Last week, the miner did not receive enough support from its super senior bridge bondholders to access requested funds in an escrow account to improve its liquidity.

As a result, the board decided to halt operations and continue discussions with financial and industrial investors to find a long-term financing solution that will enable Northland to restart production.

Northland’s share price has tumbled following the news and traded as low as NKr0.42 ($0.06) per share in early morning trading on the Oslo Bourse on Tuesday – a fall of 48.45% day-on-day and of 89.73% since the start of the year.

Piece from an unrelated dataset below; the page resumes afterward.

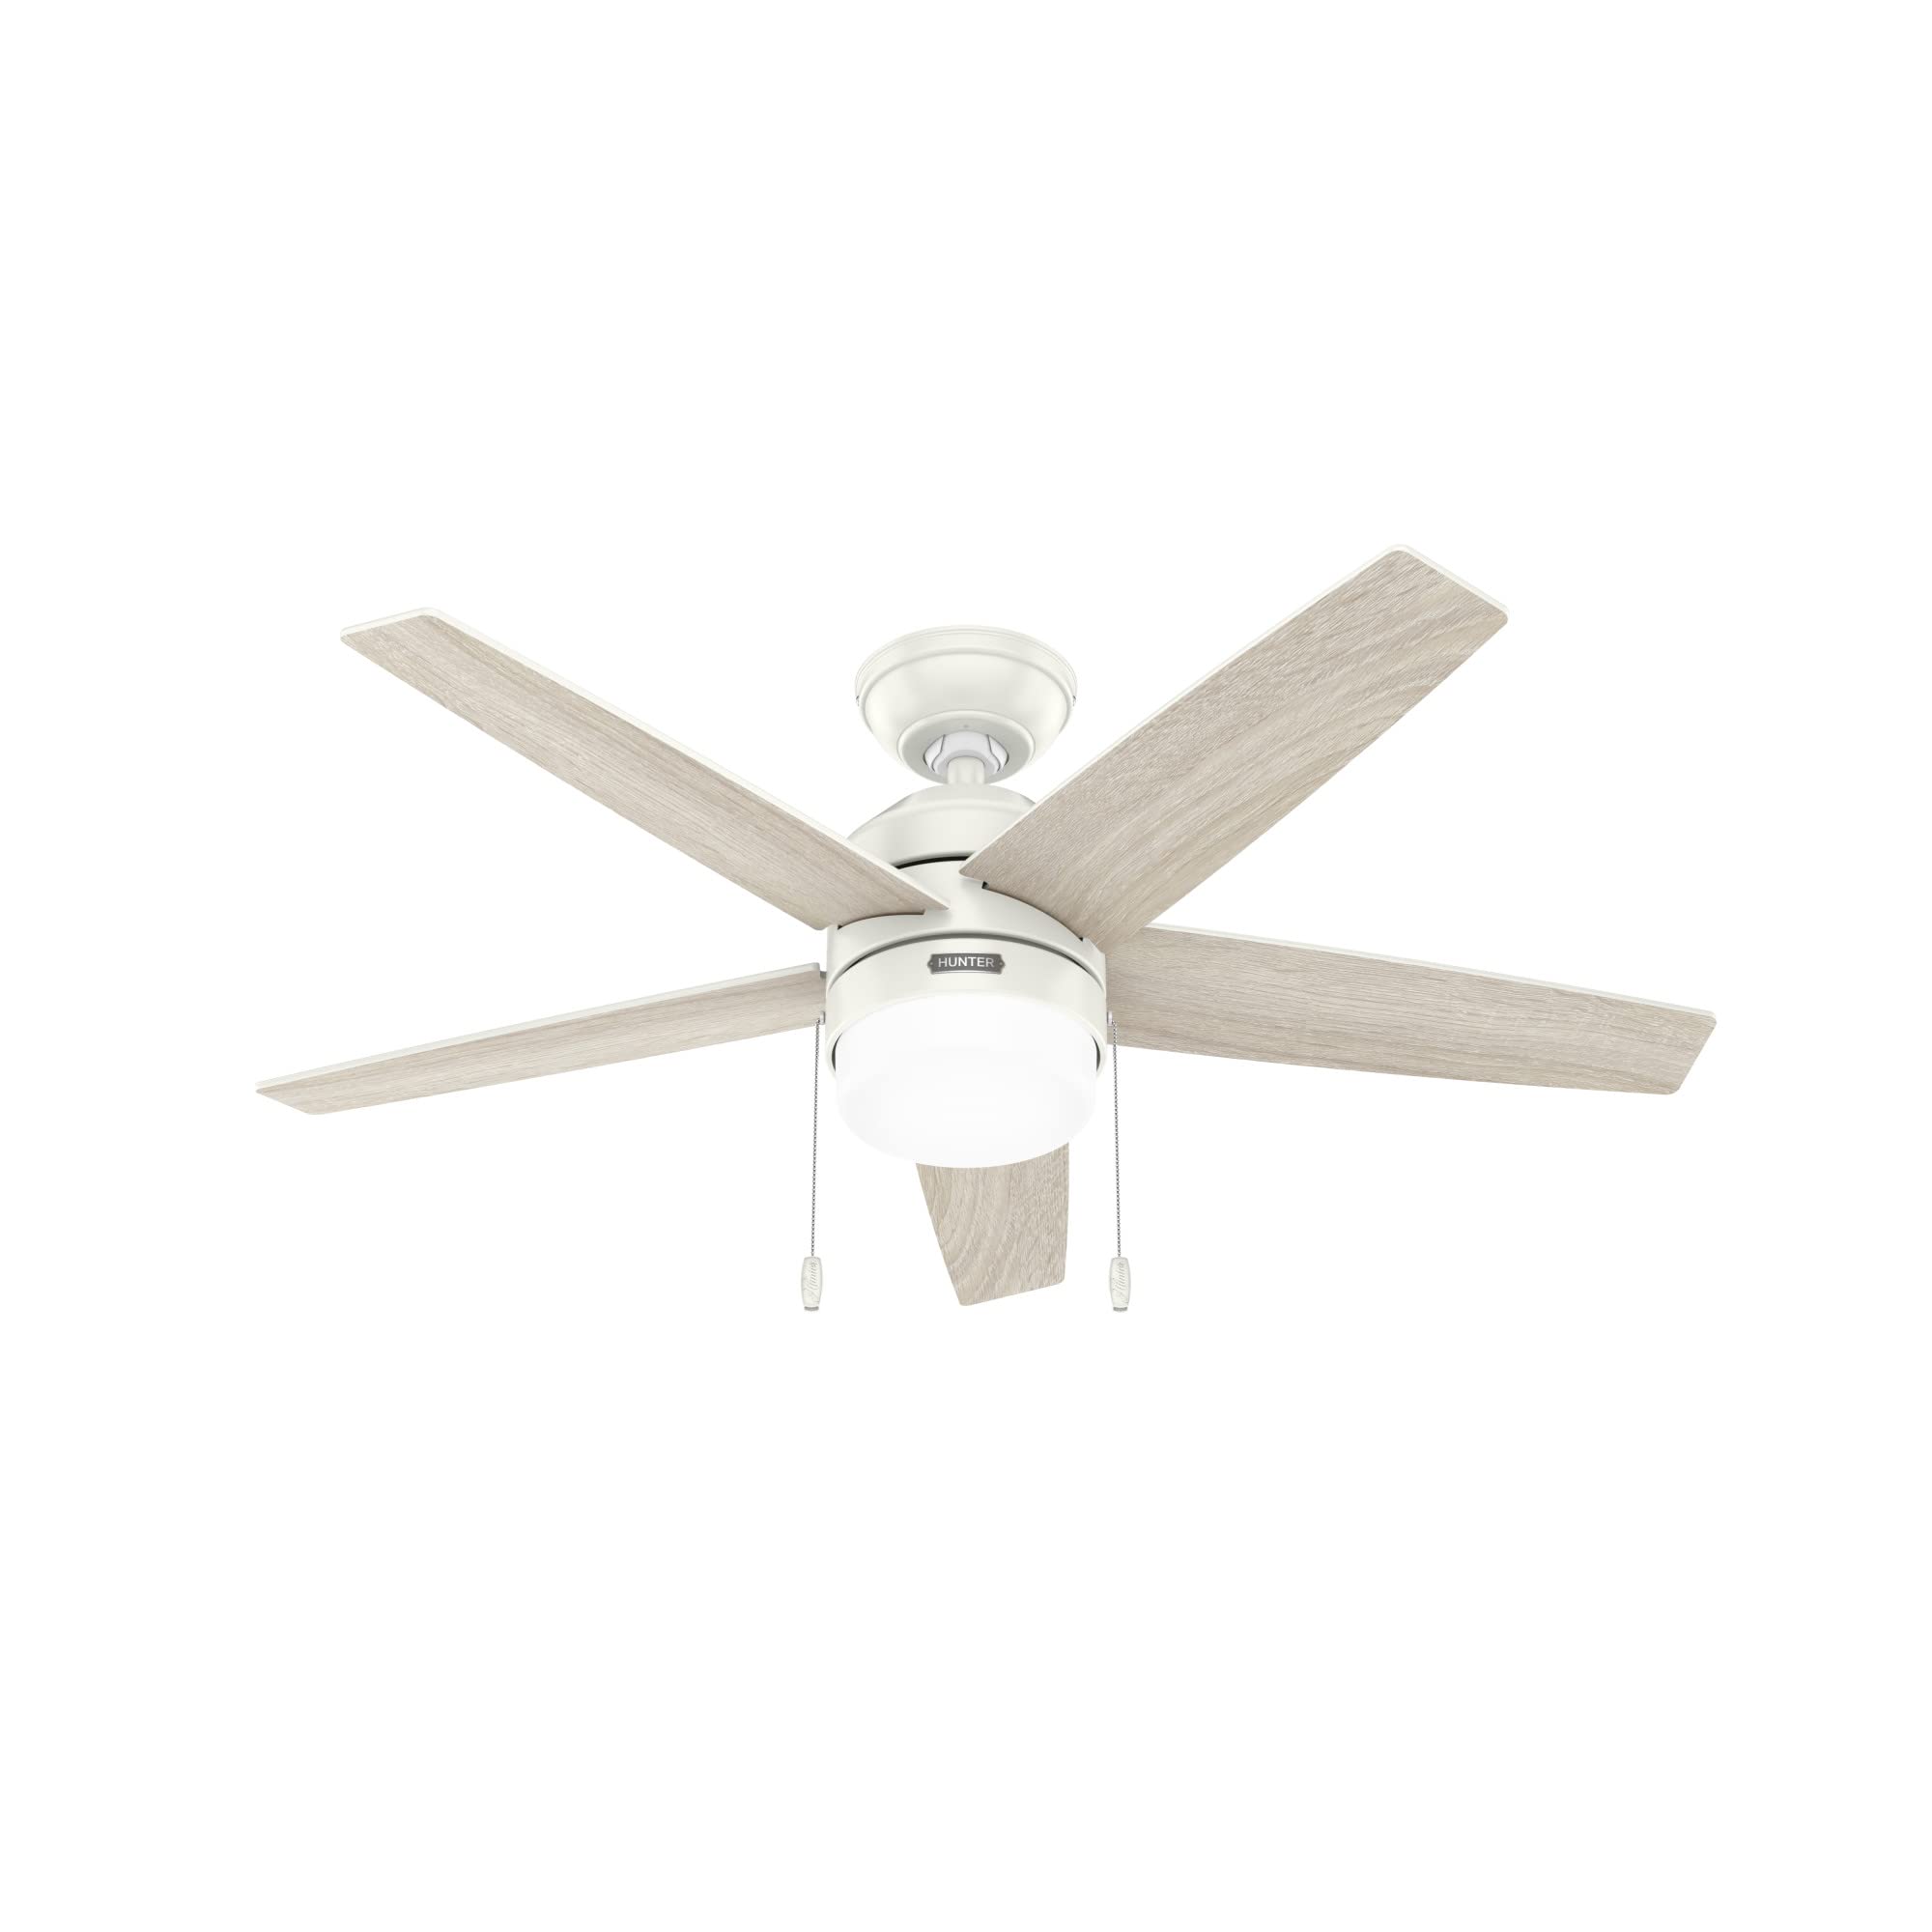 Hunter Fan Company 52494 Bardot Ceiling Fan, Fresh White

“Given the extremely challenging market climate, the board's decision to halt operations is at this stage the only way forward to avoid bankruptcy and the resulting value destruction, even though it still means that many skilled and committed employees will have to leave,” ceo Johan Balck said.

Northland declined requests for further comment at the time of publication.

Tata Steel and ArcelorMittal accounted for all Northland's concentrate sales in the second quarter of this year. The steelmakers were not available for comment at the time of publication.

Employees, suppliers
Most of the company’s 300 or so employees will receive notice of termination, and discussions with relevant labour unions have been initiated, Northland said.

It laid off 61 employees at its Swedish and Finnish subsidiaries in July after starting a formal reorganisation process.   

The reorganisation followed Northland’s late-June announcement that it had halted payments to its creditors and suppliers and changed its operational strategy after it failed to secure the $200 million needed for long-term funding.   

The iron ore producer has also stopped all future deliveries from suppliers given the constrained liquidity, it added on Tuesday.

Nordic civil engineering company Peab will start “a dialogue with Northland to clarify how this will affect the agreement between the parties relating to the transportation of iron ore concentrate by truck”, Peab president and ceo Jesper Göransson said on Tuesday.

Northland owes Peab SKr260 million ($36 million) following the miner’s painful, but completed, reconstruction in 2013 that was prompted by a $425 million funding shortfall.  

The beleaguered Swedish miner started concentrate production at its Kaunisvaara project in northern Sweden at the end of 2012, and reached 442,000 tonnes of output in the second quarter of 2014.